Lesson 2 In-Class Discussion

KevinB · November 7, 2017, 2:53am

I’m thinking it is because you want to be on the safe side, so a little to the left will give you a little slower, but safer learning rate, but you will eventually get there?

hergertarian · November 7, 2017, 2:53am

Are there augmentations that work well for non-image data? E.g. time series, or text.

anandsaha · November 7, 2017, 2:54am

Learning rates affect the rate at which optimizers (like SGD, Adam, RMSProp etc.) converge to the bottom of the error surface. And optimizers are agnostic of the architecture of your neural network. That means, they won’t differentiate between a classic NN, CNN or RNN. They only know how to reduce the error using back propagation.

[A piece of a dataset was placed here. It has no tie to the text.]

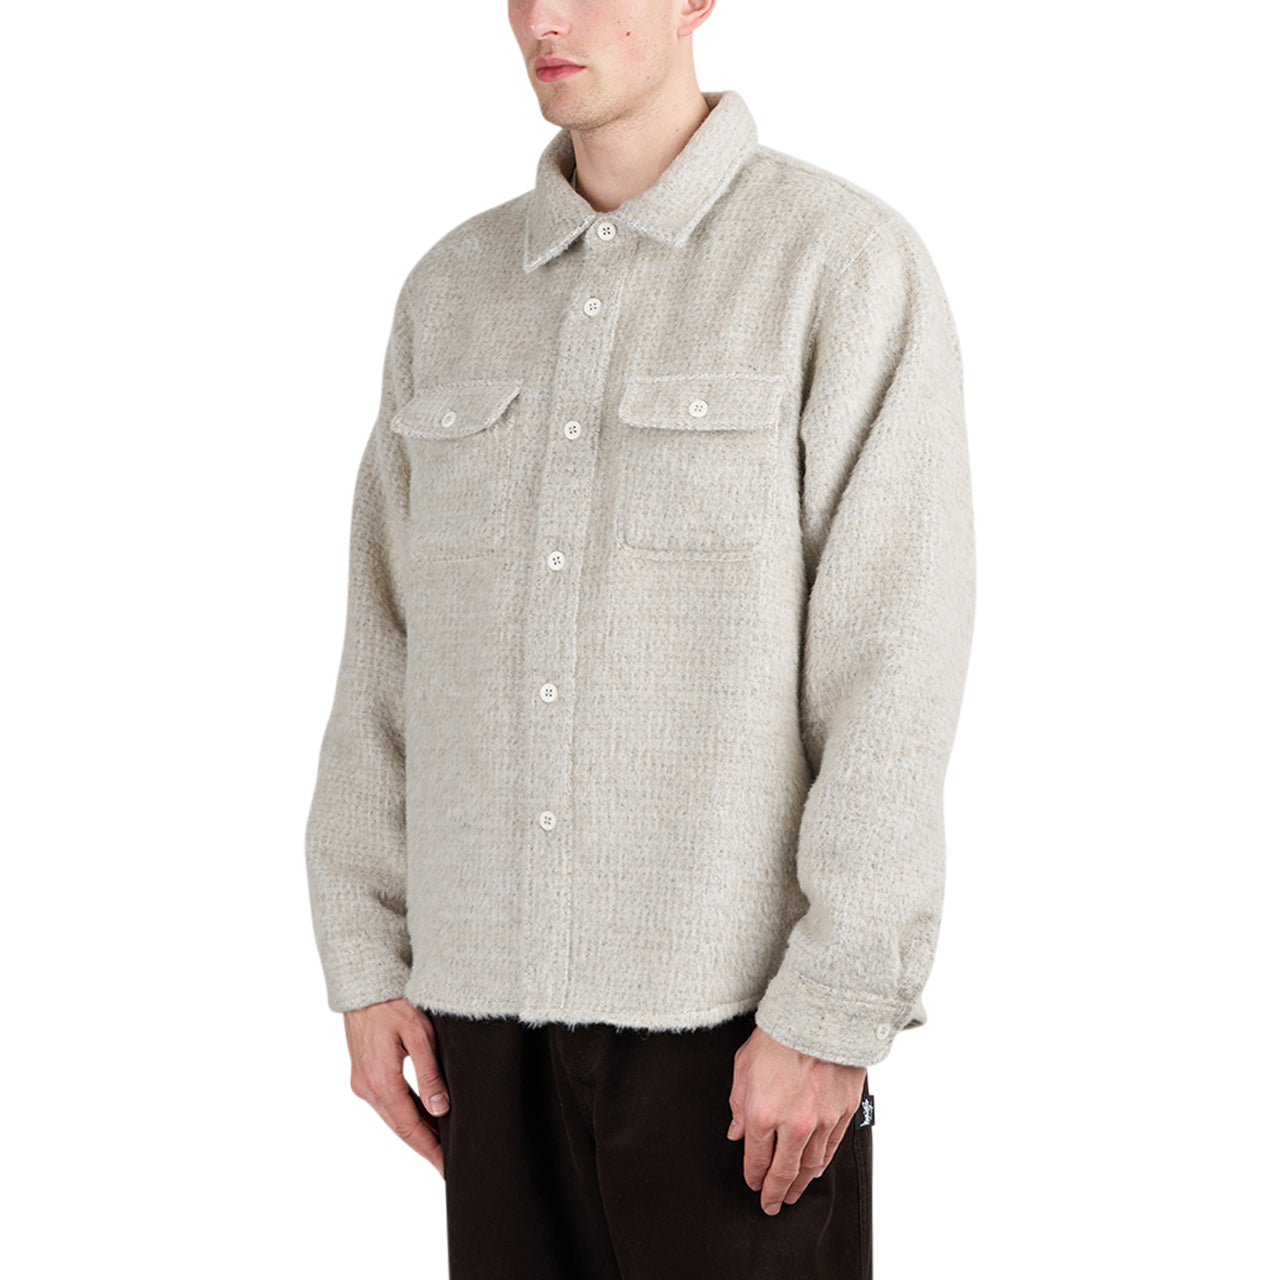 Stüssy Speckled Wool CPO Shirt (Beige)  - Allike Store

So yes, learning rate finder can be used for all architectures of NN.

ezequiel · November 7, 2017, 2:55am

In NLP there’s a paper where they replace Named Entity with other Named Entity to augment the data.

chingjunehao · November 7, 2017, 2:56am

@jeremy is the code in ConvLearner include those Conv layer (which we need to code the filter), max-pooling, normalization and so on?

jenna · November 7, 2017, 2:57am

Do you have a link? / title of the paper

Even · November 7, 2017, 2:57am

@jeremy (or anyone who knows) On the topic of learning rates… In this example we’re training in just a few epochs, but I can imagine that we’d sometimes encounter training over hundreds or even thousands of epochs. If we have that situation how often in your experience does this method work? Do we need to do this at a number of points over time in order to compute the different learning rates necessary across the different epochs?

setuc · November 7, 2017, 2:57am

What is the name of the reference paper?

anandsaha · November 7, 2017, 2:59am

It does. You can refer to this post: precompute=True to see what is deleted and what is added by convlerner.

–

johnnyv · November 7, 2017, 2:59am

I’d love to know how people use data augmentation for time series? Is it just adding noise or something else?

kmatsuda · November 7, 2017, 3:00am

The cyclic learning rate paper discussed setting a range (min and max) and oscillating between those values. Is there a reason why in this case we only pick 1 value?

init_27 · November 7, 2017, 3:00am

I think adding noise would defeat the purpose of increasing our accuracy?

yinterian · November 7, 2017, 3:00am

Jeremy will explain this part later.

kmatsuda · November 7, 2017, 3:01am

ok, thanks.

ezequiel · November 7, 2017, 3:01am

I think it’s: Adversarial Examples for Evaluating Reading Comprehension Systems
I can’t remember if this is exactly the paper.

But the subject was looking for adversarial examples on NLP, hope it helps

chingjunehao · November 7, 2017, 3:01am

@anandsaha alright. Thanks!

zaoyang · November 7, 2017, 3:02am

How do you do data augmentation with NLP?

johnnyv · November 7, 2017, 3:02am

It’s because you want the learning rate that has the fastest loss improvement. So if you were to take the derivative of that plot the peak might be a good place, and it would be roughly in the middle. However, you want as high a learning rate as possible because that means that you “move faster” towards the minima. So it’s a trade off between a learning rate that changes fast, and taking bigger steps. I think that’s why Jeremy chooses a point in that curve where the gradient is still good, but the learning rate is still kind of high.

santhanam · November 7, 2017, 3:03am

Is the data augmentation is possible for a single channel image?

yinterian · November 7, 2017, 3:06am

Yes, you can do it in a back and white image.